Let a,b,c be positive integers such that a divides b^2 , b divides c^2 and c divides a^2 . Prove that abc divides (a + b + c)^7 .

To prove that abc divides (a + b + c)^7, we need to show that (a + b + c)^7 is divisible by abc. We will do this by considering the prime factorization of a, b, and c, and using the properties of divisibility and the binomial theorem.

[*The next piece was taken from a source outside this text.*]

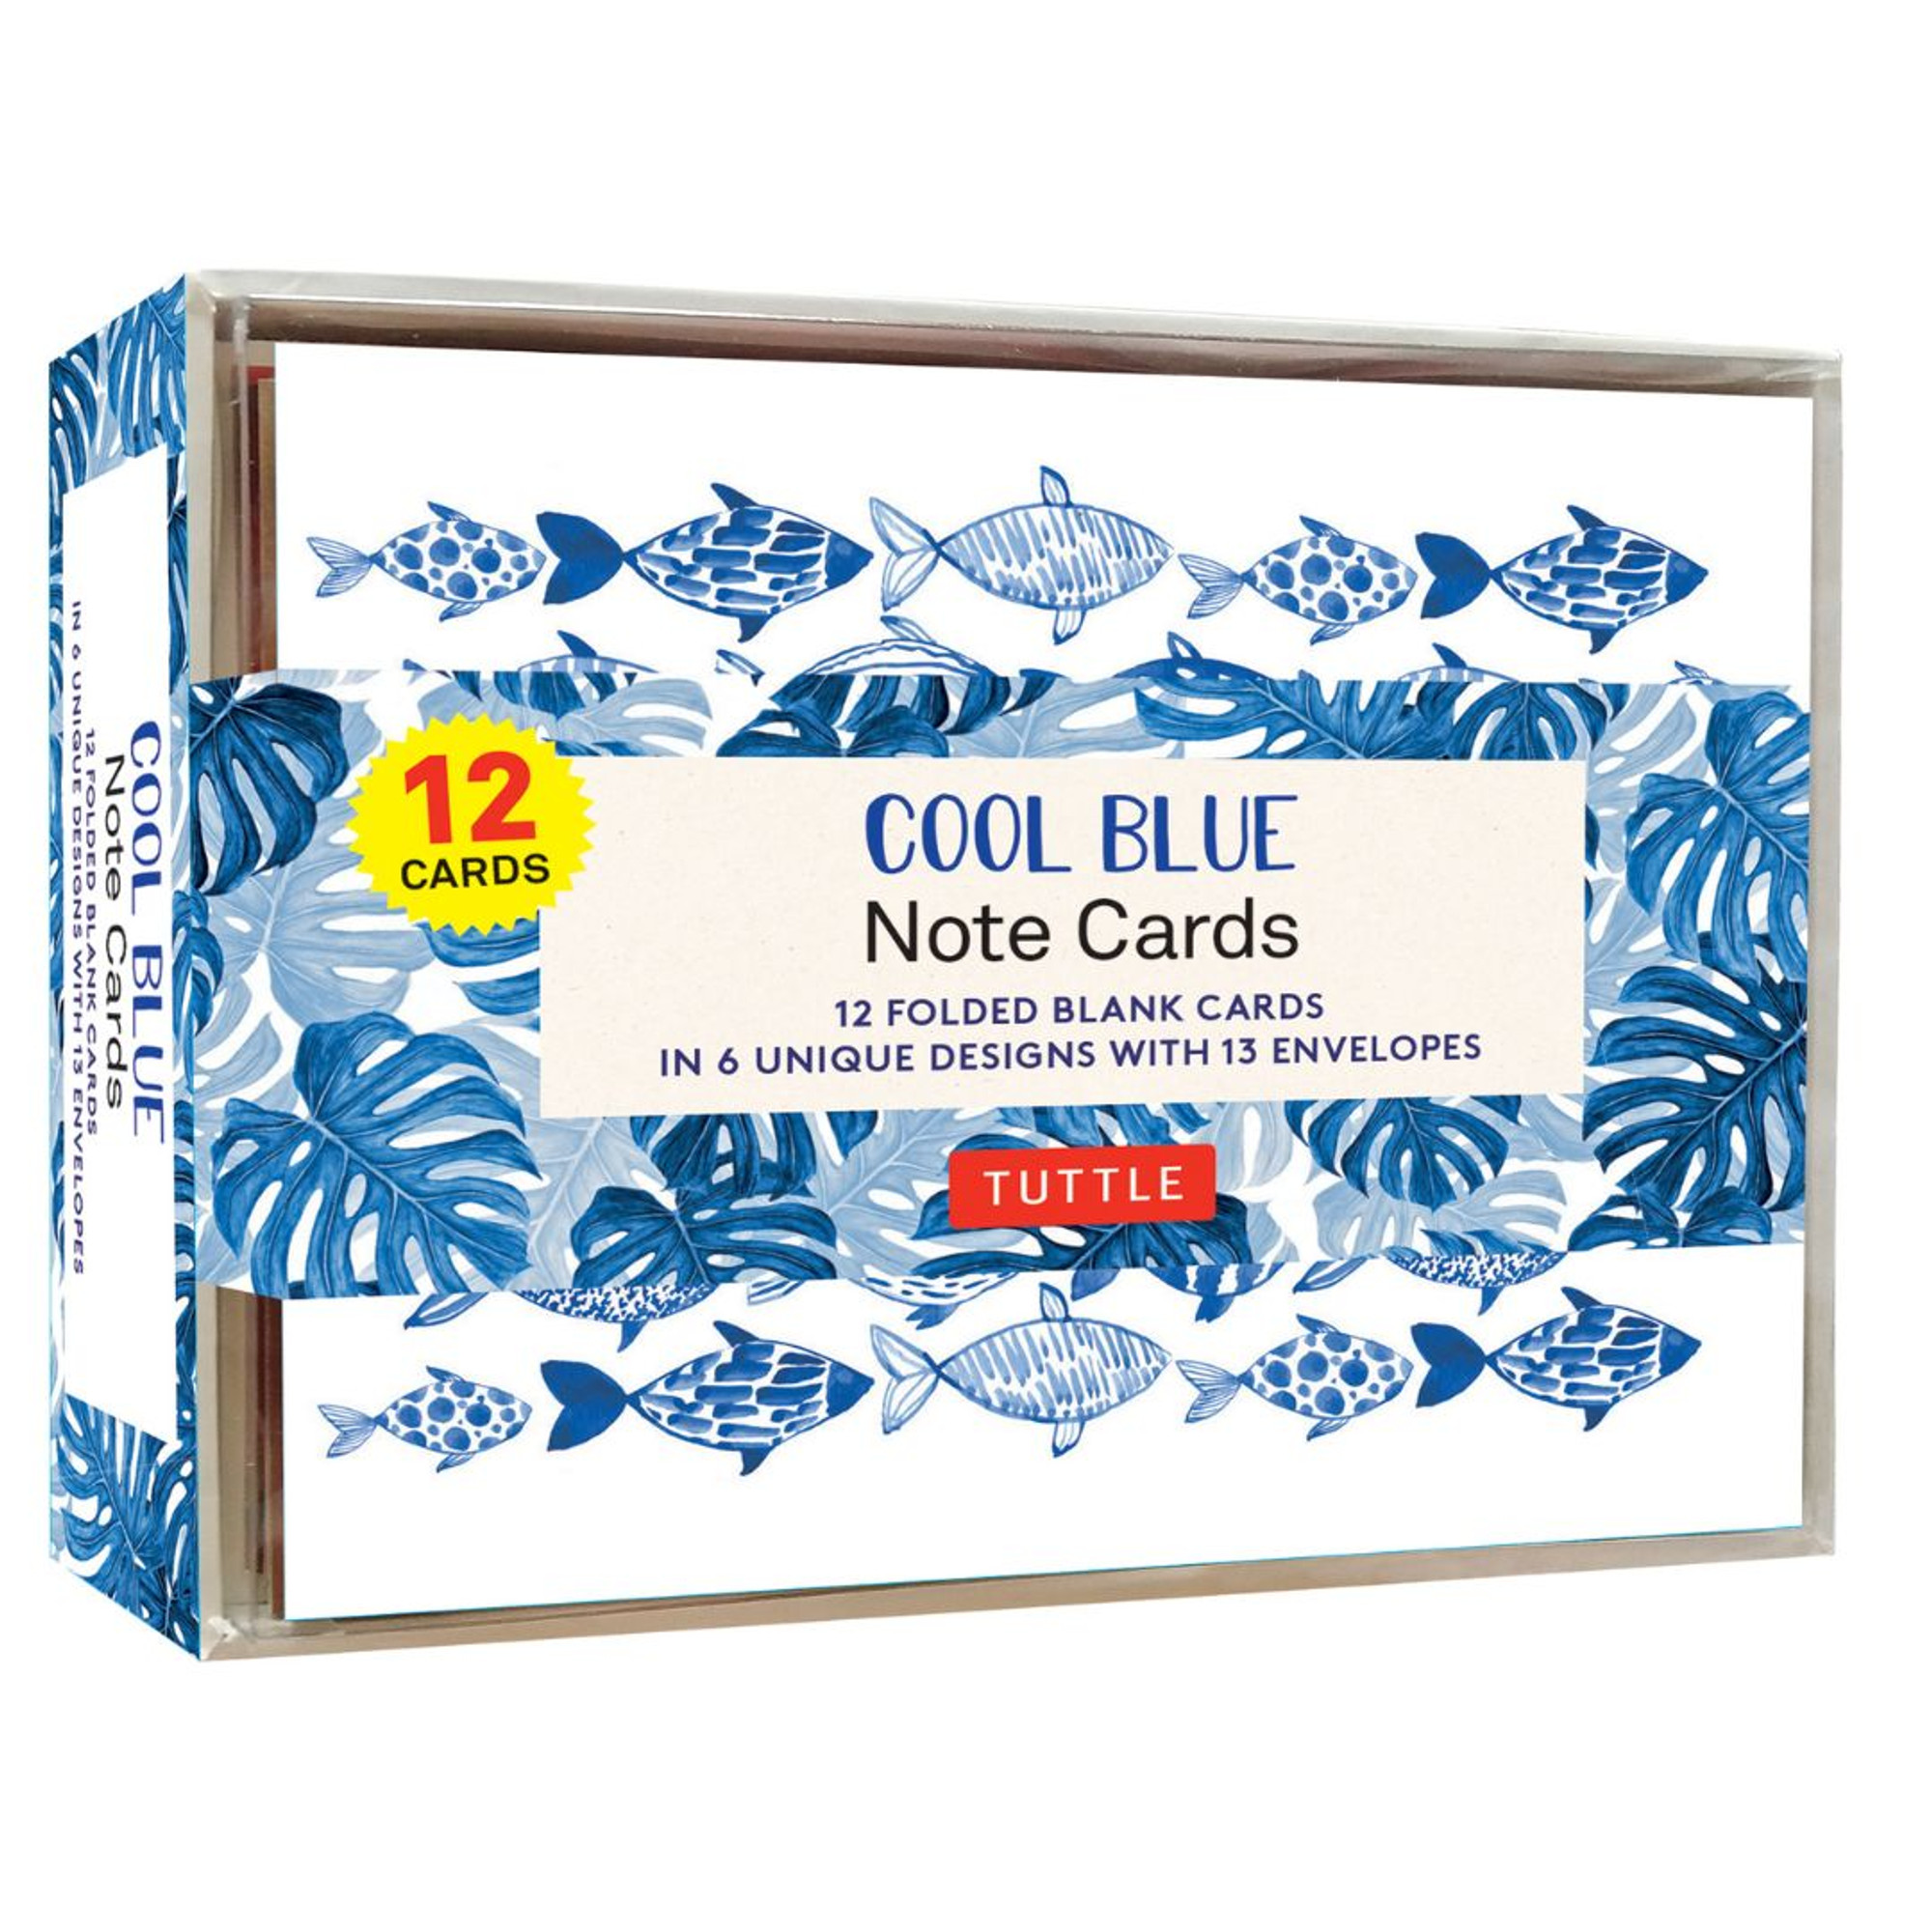 Cool Blue Note Cards - 12 Cards (9780804854832) - Tuttle Publishing

Step 1: Prime Factorization
Let's express a, b, and c in terms of their prime factorizations:
a = p1^x1 * p2^x2 * ... * pn^xn
b = q1^y1 * q2^y2 * ... * qm^ym
c = r1^z1 * r2^z2 * ... * rk^zk

Here, p1, p2, ..., pn are the distinct prime factors of a, q1, q2, ..., qm are the distinct prime factors of b, and r1, r2, ..., rk are the distinct prime factors of c. The exponents x1, x2, ..., xn, y1, y2, ..., ym, z1, z2, ..., zk represent the respective powers of these prime factors in the prime factorization of a, b, and c.

Step 2: Divisibility Relations
From the given conditions:
- a divides b^2 ⇒ All prime factors of a are present in b^2, and their respective exponents in b^2 are at least double those in a.
- b divides c^2 ⇒ All prime factors of b are present in c^2, and their respective exponents in c^2 are at least double those in b.
- c divides a^2 ⇒ All prime factors of c are present in a^2, and their respective exponents in a^2 are at least double those in c.

Step 3: Exponent Inequalities
Based on the divisibility relations, we can write the following inequalities for the exponents of the prime factors:
2x1 ≤ 2y1 ≤ 2z1 ≤ 2x2 ≤ 2y2 ≤ 2z2 ≤ ... ≤ 2xn ≤ 2yn ≤ 2zn
To simplify, let's assume that the exponents are in increasing order:
x1 ≤ y1 ≤ z1 ≤ x2 ≤ y2 ≤ z2 ≤ ... ≤ xn ≤ yn ≤ zn

Step 4: (a + b + c)^7
Now, let's expand (a + b + c)^7 using the binomial theorem:
(a + b + c)^7 = Σ (nCr * a^(7-r) * b^r * c^(7-r))

In each term of the sum, a^(7-r) represents the contribution of the prime factors present in a to the power of 7-r, b^r represents the contribution of the prime factors present in b to the power of r, and c^(7-r) represents the contribution of the prime factors present in c to the power of 7-r.

Step 5: Divisibility of (a + b + c)^7 by abc
To prove that abc divides (a + b + c)^7, we need to show that each term of the expansion, Σ (nCr * a^(7-r) * b^r * c^(7-r)), is divisible by abc.

From Step 2, we know that prime factors in a are present in b^2, prime factors in b are present in c^2, and prime factors in c are present in a^2.

Considering an individual term of the expansion, Σ (nCr * a^(7-r) * b^r * c^(7-r)), we can conclude:

1. The prime factors in a^(7-r) are all present in (b^2)^(7-r) = b^(14-2r).
Thus, a^(7-r) is divisible by b^(14-2r).

2. The prime factors in b^r are all present in (c^2)^r = c^(2r).
Thus, b^r is divisible by c^(2r).

3. The prime factors in c^(7-r) are all present in (a^2)^(7-r) = a^(14-2r).
Thus, c^(7-r) is divisible by a^(14-2r).

From the above observations, we see that each term of the expansion is divisible by abc, as:
(a^(7-r) is divisible by b^(14-2r)) * (b^r is divisible by c^(2r)) * (c^(7-r) is divisible by a^(14-2r)) = abc

Therefore, (a + b + c)^7 is divisible by abc.

Hence, we have proved that abc divides (a + b + c)^7.